How Accurate Was the Ancient Egyptian Pregnancy Test?

Egyptian birth protection rod linked to childbirth, showing the medical world of pregnancy tests
Apotropaic Rod, Egyptian artist, c. 1878 to 1640 BCE. Source: Metropolitan Museum of Art

The most precise answer is this: it was partly accurate when grain growth occurred, but not reliable enough to confirm every pregnancy or exclude pregnancy when nothing sprouted. The fetal-sex prediction was not supported by modern testing.

The ancient evidence proves that Egyptian medical texts preserved a urine-and-grain test for pregnancy. The test appears in papyrus traditions associated with Berlin Papyrus 3038, the Kahun medical material, and Papyrus Carlsberg. The Papyrus Carlsberg Collection at the University of Copenhagen provides important institutional context for the Copenhagen papyri, which include major Egyptian manuscript material acquired in the twentieth century.

The University of Copenhagen research portal lists Sofie Schiødt’s 2021 doctoral thesis, Medical Science in Ancient Egypt: A Translation and Interpretation of Papyrus Louvre-Carlsberg. The record identifies the thesis as a two-volume study of Papyrus Louvre-Carlsberg, a major Egyptian medical manuscript. The full thesis was not accessible from the portal record used here, so its detailed arguments should not be claimed without upload or full access.

The modern evidence proves less than many summaries imply, but more than skeptics might expect. The 1963 experiment showed that urine from many pregnant women allowed grain growth when urine from men and non-pregnant women did not. That supports partial diagnostic value. It does not show that the method always detected pregnancy. It does not show that ancient Egyptian practitioners understood hormones. It does not validate fetal-sex prediction.

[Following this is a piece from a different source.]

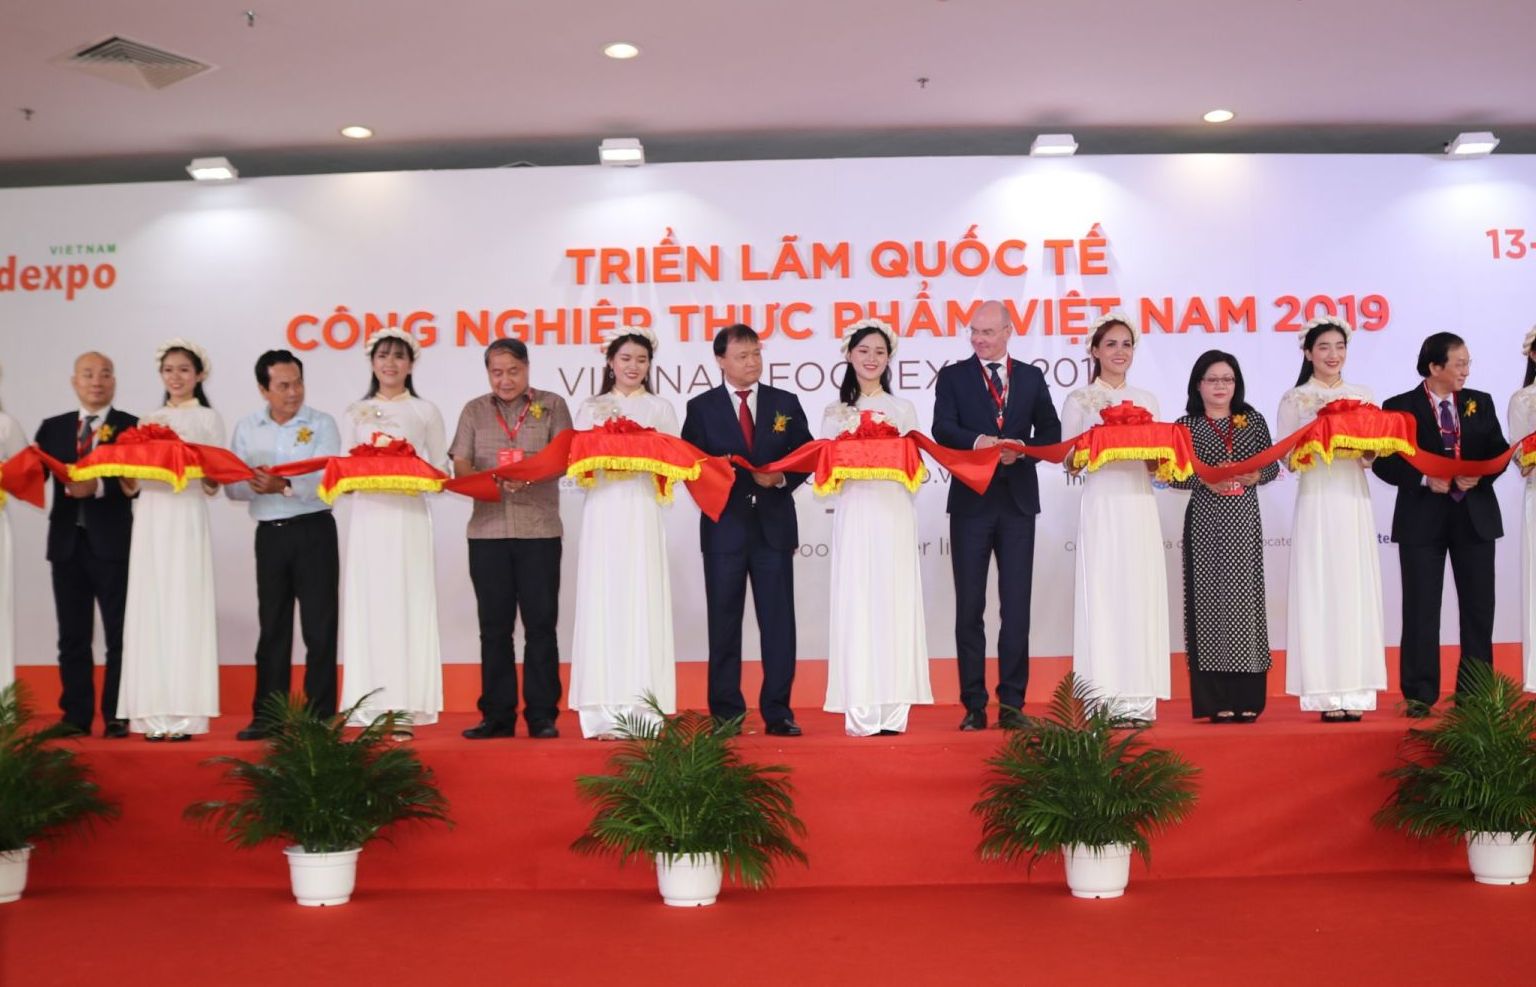 Hứa hẹn đột phá tại Triển lãm Vietnam FoodExpo 2019

The later tradition proves that the idea traveled. Greek, Arabic, Latin, and European medical texts preserved related urine-and-seed procedures. That transmission may reflect inherited respect for Egyptian medicine, repeated observation, symbolic fertility logic, or a mixture of all three.

Speculation begins where the sources stop. It is plausible that pregnancy-related urinary hormones affected germination. It is plausible that repeated observation gave the test practical appeal. It is plausible that symbolic fertility thinking shaped the method. None of those possibilities should be presented as a fully proven origin.

That makes the ancient Egyptian pregnancy test neither a miracle of lost science nor a simple myth. It was a medical procedure preserved in papyri, tested in the twentieth century, and shown to contain a limited empirical core. A woman’s urine, a few grains, and several days of waiting produced an answer that could sometimes be right, often uncertain, and historically revealing.